VIII “Thou shalt not steal.” As a young girl I remember hearing a story about two people who walked out of a Canadian department store with a canoe. They stole it in plain sight. Sometimes what is very obvious goes unnoticed. But theft does not need to come in such big sizes for it to be theft. The Talmud teaches that G-d destroyed the world by a flood because people stole inconsequential amounts from each other. Rabbi Elie Munk points out that what makes stealing small amounts uniquely deleterious is that it leaves the victim with no legal recourse. For instance, someone goes to a market and tears off a grape and eats it — not much damage done. However, then the next person comes along and does the same thing, and so on. It is not long before that bunch of grapes is diminished both in appearance and quantity — and the owner really has no one to blame for the theft. Nonetheless, the damage is done.

IX “Thou shalt not bear false witness against thy neighbor.” Perhaps you would not lie under oath, but any form of lying against another person’s good name, even to aggrandize yourself or your business, is wrong. You never know where those words will land and they may ultimately even lead someone to commit suicide.
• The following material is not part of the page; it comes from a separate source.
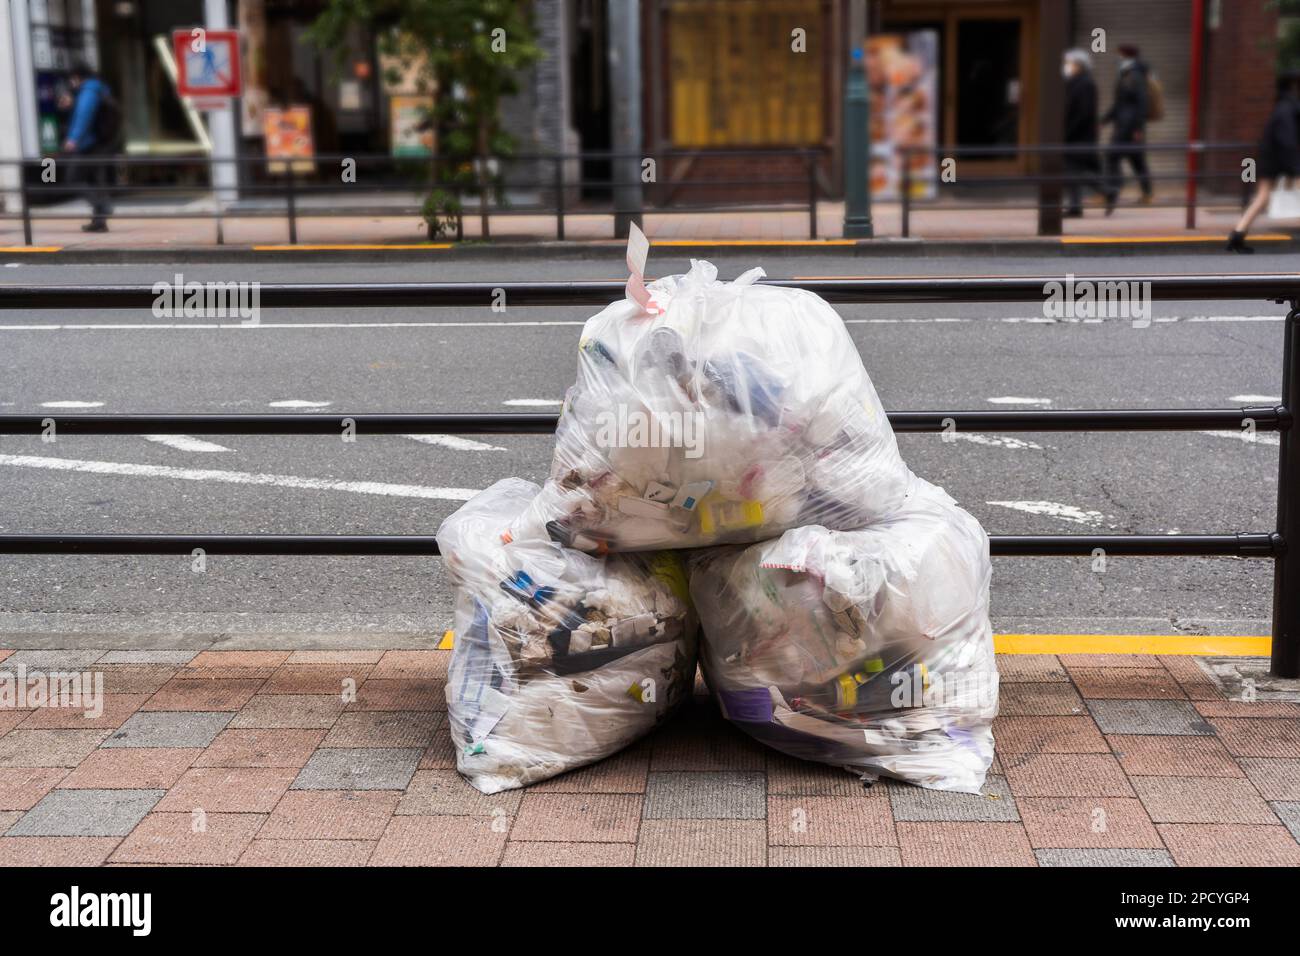 https://c8.alamy.com/comp/2PCYGP4/a-pile-of-trash-bag-on-a-footpath-in-tokyo-japan-2PCYGP4.jpg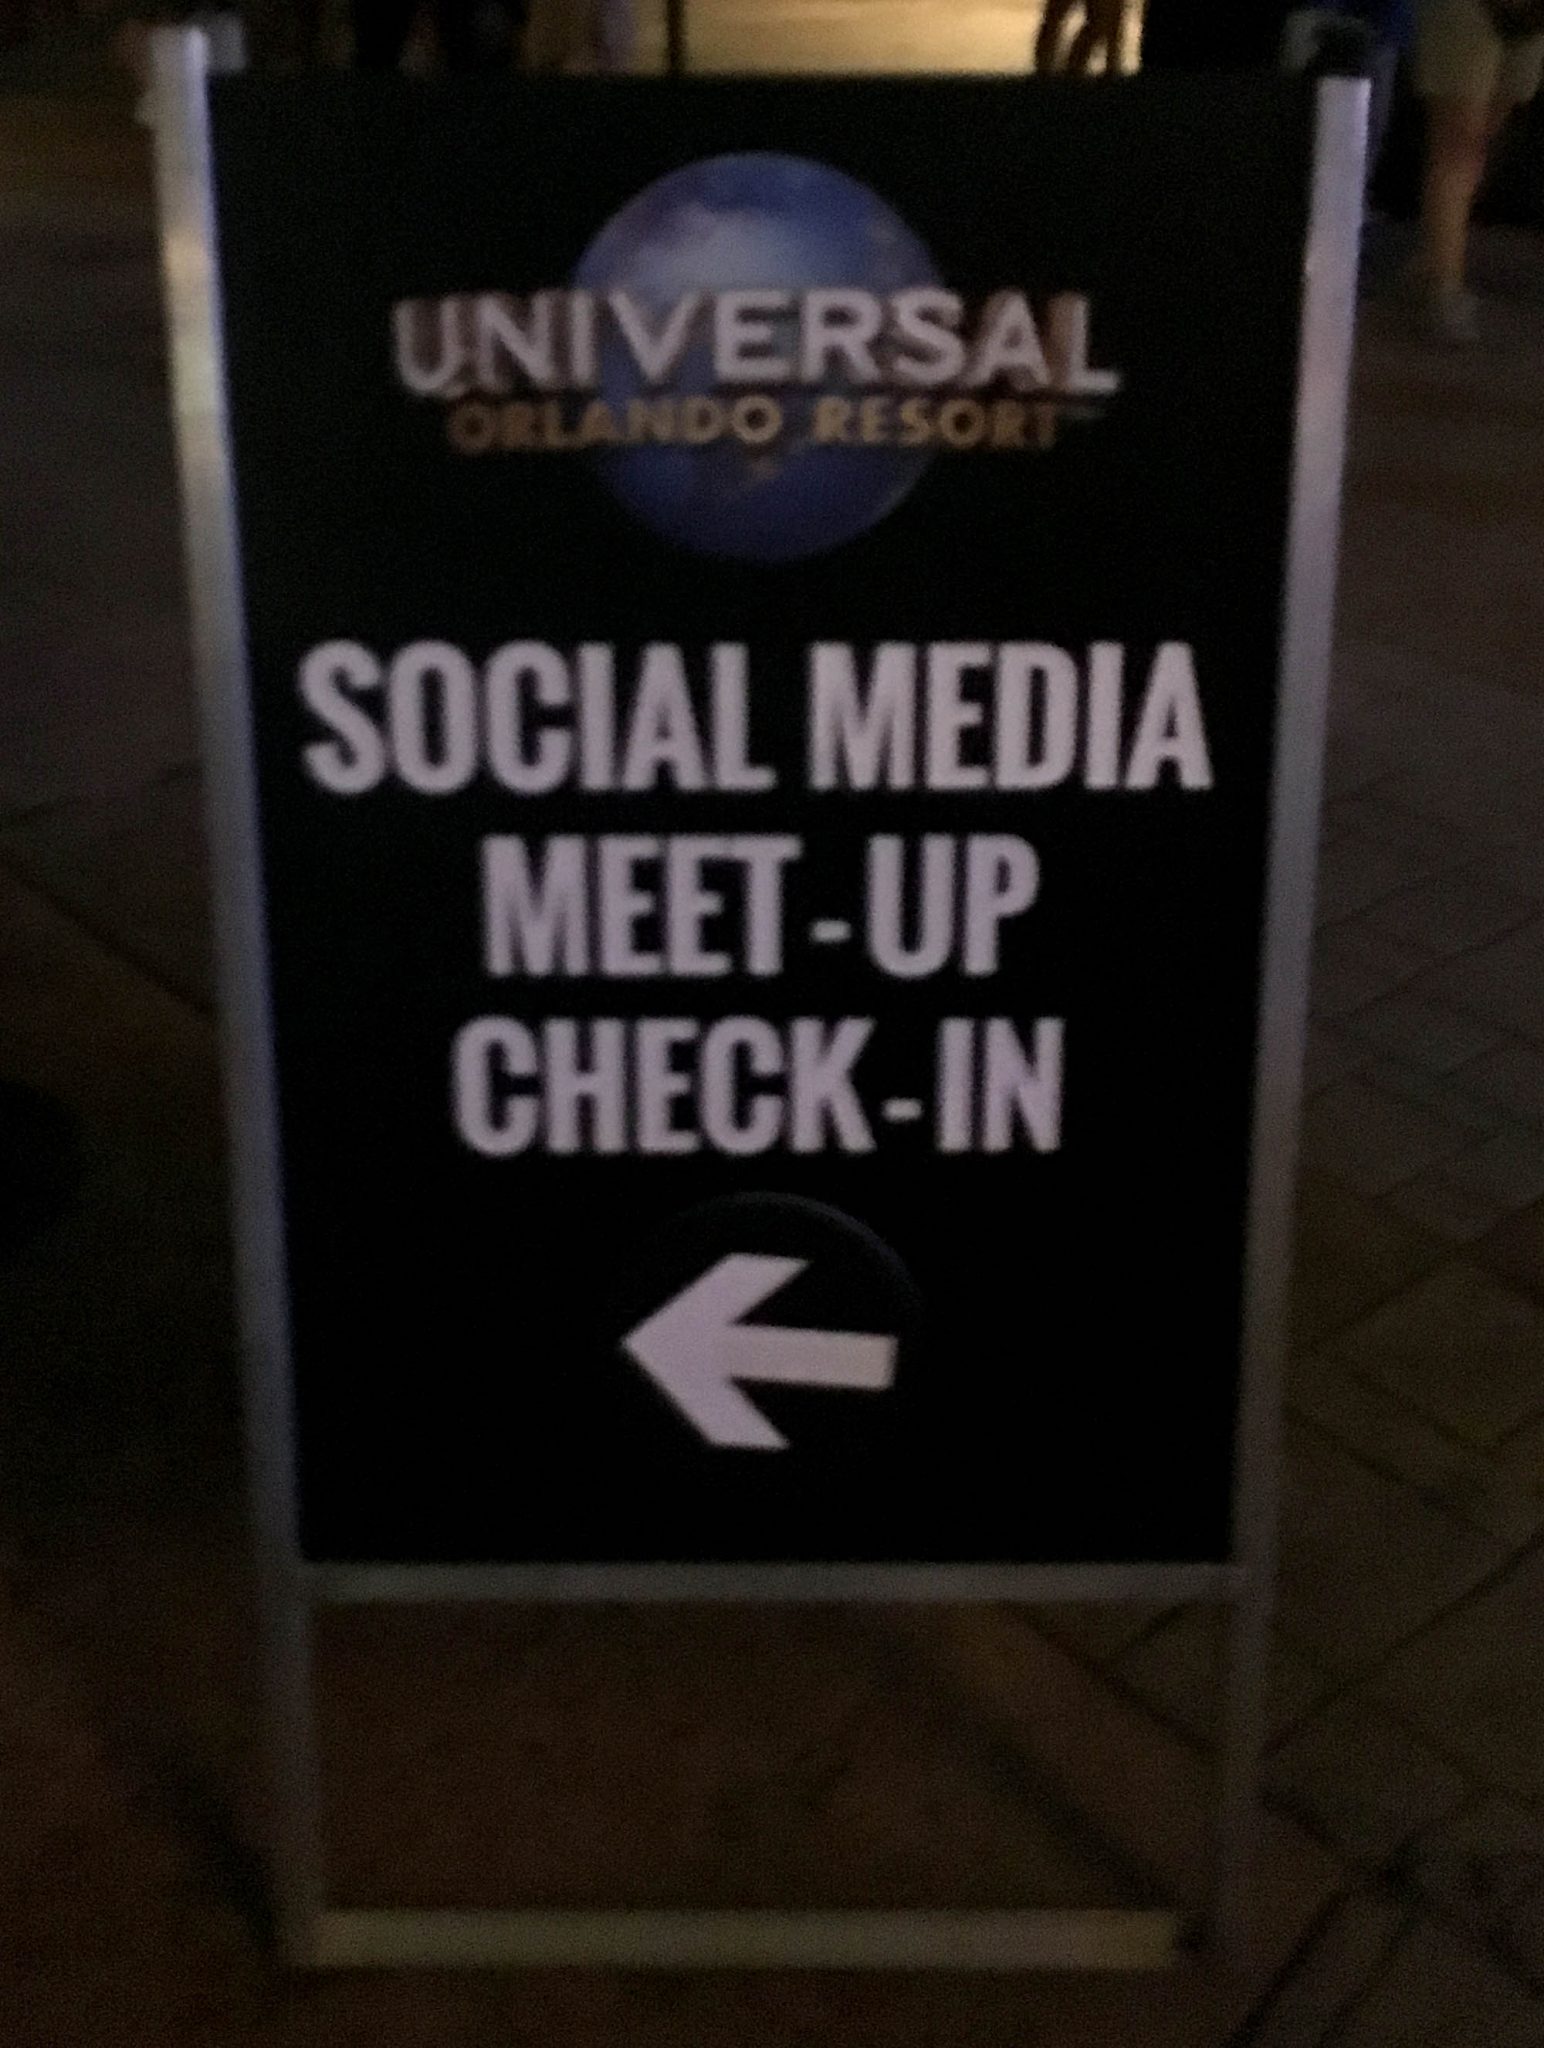 Social Media Meet Up Check In Sign at Universal

X “Thou shalt not covet.” Maybe we are NOT coveting daily after our neighbor’s donkeys, but we have all bought things we cannot afford and over-extended ourselves. More often than not, we do such things because we covet what others have. We have big eyes on the world and we want the same things as everyone else. In the end, however, coveting may often hurt us more than those we covet. The Torah cautions us not to run after our hearts and eyes so that we literally should not whore ourselves because of them. We end up selling ourselves literally and figuratively to buy or get what we covet. And the rabbis teach that coveting ultimately leads to the transgression of all the other commandments.